Add timestamps to everything that may relate to experiment output

Preferably every log message of the controller
Flow statistics logs
Iperf running scripts (already done to some extent, need to check if sufficient), both server and client side.

Controller: Implement a basic unit testing framework

There are now quite separate functionalities inside the project which can be tested individually through unit tests. The test framework for this should be set up.

Controller: Implement rule setting more natively than HTTP calls

In some cases (especially initialization) it might be problematic to make an HTTP call to another app in the same controller. If there is a better way, it should be implemented.

Mininet: Implement mininet scipts to perform more automatic functionality testing

This lies in my stash as WIP not working for some reason. May be good for starting point

diff --git a/slicing/mininet/mn-slicing.py b/slicing/mininet/mn-slicing.py
old mode 100644
new mode 100755
index 5b20cbc..6d8f645
--- a/slicing/mininet/mn-slicing.py
+++ b/slicing/mininet/mn-slicing.py
@@ -1,4 +1,10 @@
+#!/usr/bin/env python2
+
+from mininet.node import RemoteController
 from mininet.topo import Topo
+from mininet.net import Mininet
+from mininet.log import setLogLevel
+from mininet.cli import CLI
 
 
 class SlicingTopo(Topo):
@@ -23,3 +29,26 @@ class SlicingTopo(Topo):
 
 
 topos = {'slicingtopo': (lambda: SlicingTopo())}
+
+
+def run_process(node, cmd):
+    # type: (object, str) -> int
+    node.cmd(cmd)
+    return int(node.cmd('echo $!'))
+
+
+if __name__ == '__main__':
+    # Tell mininet to print useful information
+    setLogLevel('info')
+    "Create and test a simple network"
+    topo = SlicingTopo()
+    net = Mininet(topo, controller=RemoteController('c0', ip='192.0.2.1', port=6653))
+    net.start()
+    h1 = net.get('h1')
+    h2 = net.get('h2')
+    server_pids = []
+    h1.cmd("ping 10.0.0.1")
+    # for x in [5001, 5002, 5003]:
+    #     server_pids.append(run_process(h1, "iperf -s -u -i 1 -p %d" % x))
+#    CLI(net)
+    net.stop()

Update READMEs based on the changes

The new READMEs should reflect the architectural and purpose-related changes so that it will make sense when submitted as part of the master's degree.

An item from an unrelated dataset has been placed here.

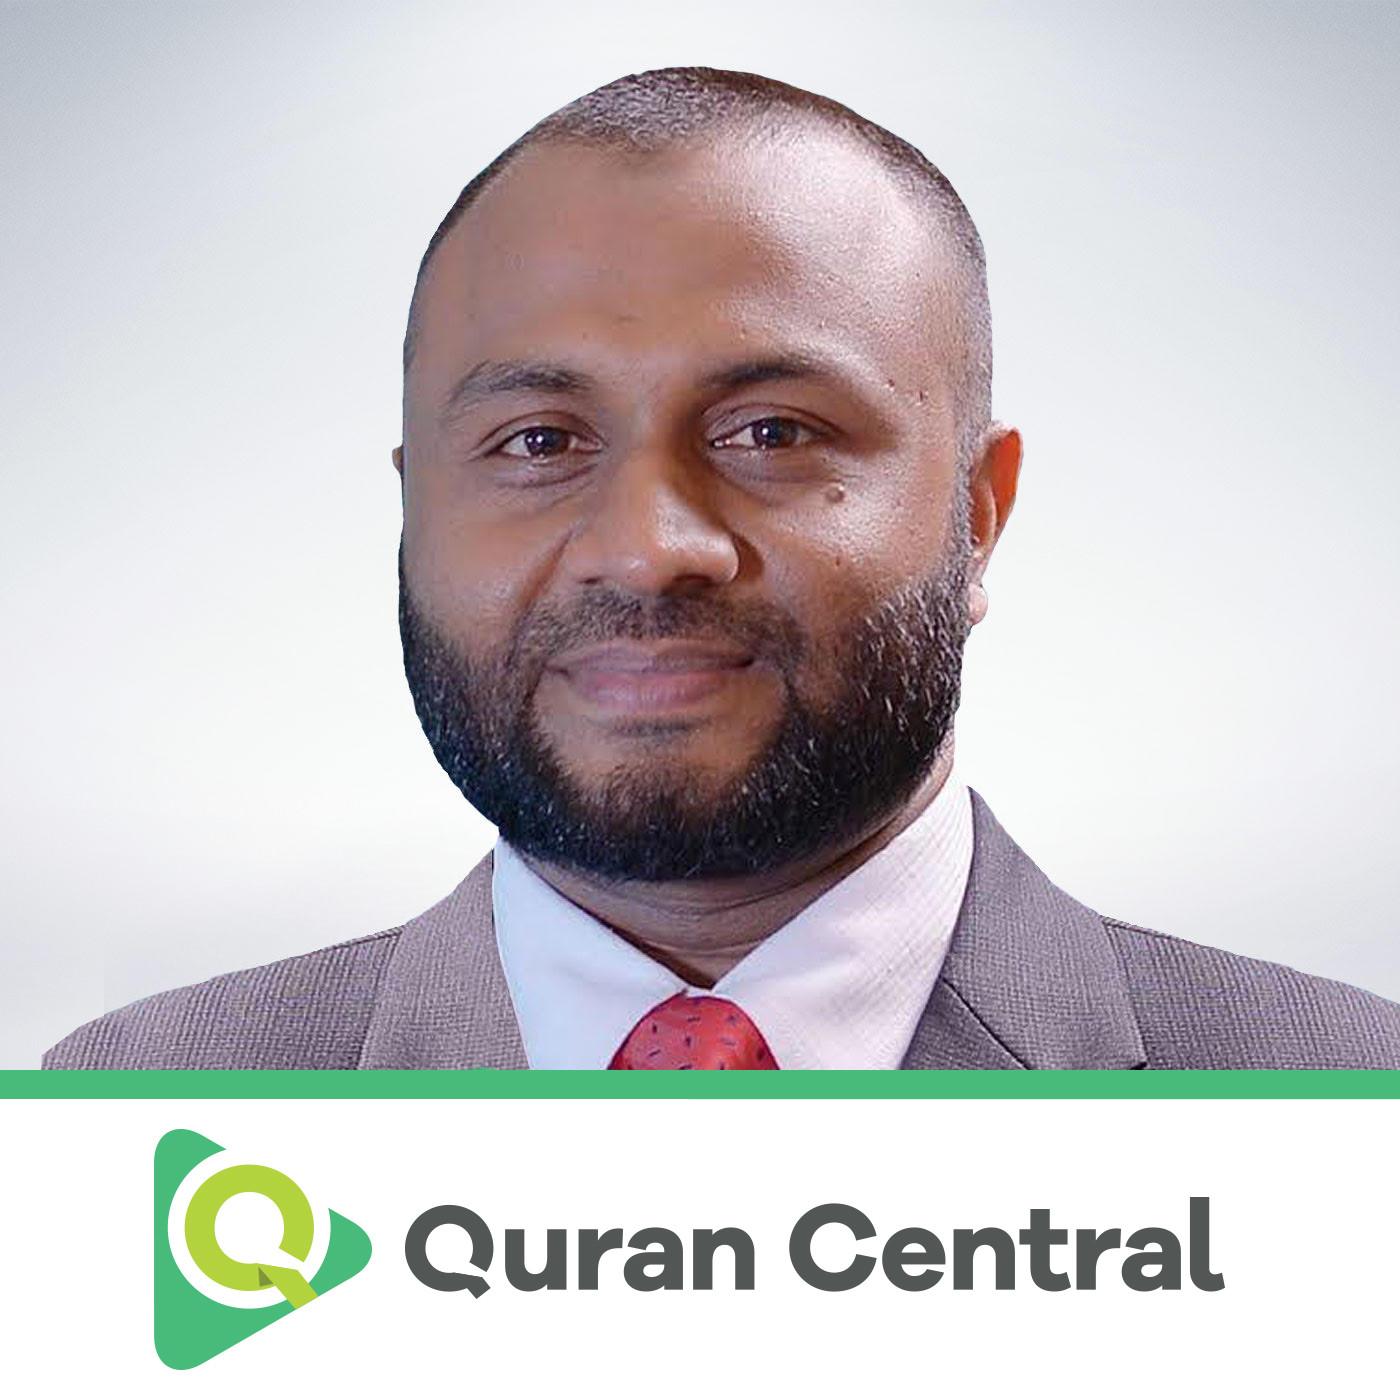 Dr. Mohamed Shaheem Ali Saeed

controller: Accommodate logging to the multi-switch setup

Logging has been designed with a single switch in mind and it is confusing or not comprehensive sometimes.
Until the whole project becomes flow-centric (from currently being switch-centric), logging needs to be adjusted to reflect the switches about which it logs.

Consider setting default iperf client bandwidth to 40Mbps

With 30Mbps, it is not obvious enough how adaptation affects different participants. As ue1 and ue2 do not have any common outgoing ports with ue3 along the paths from b and c, the path to ue1 and ue2 only transmits 60Mbps which does not show a really significant drop in either of their received data rates. It's a few Mbps on both sides that show up in the log but that is not much more than what is lost anyway due to the imperfect implementation of the bandwidth limiting solution.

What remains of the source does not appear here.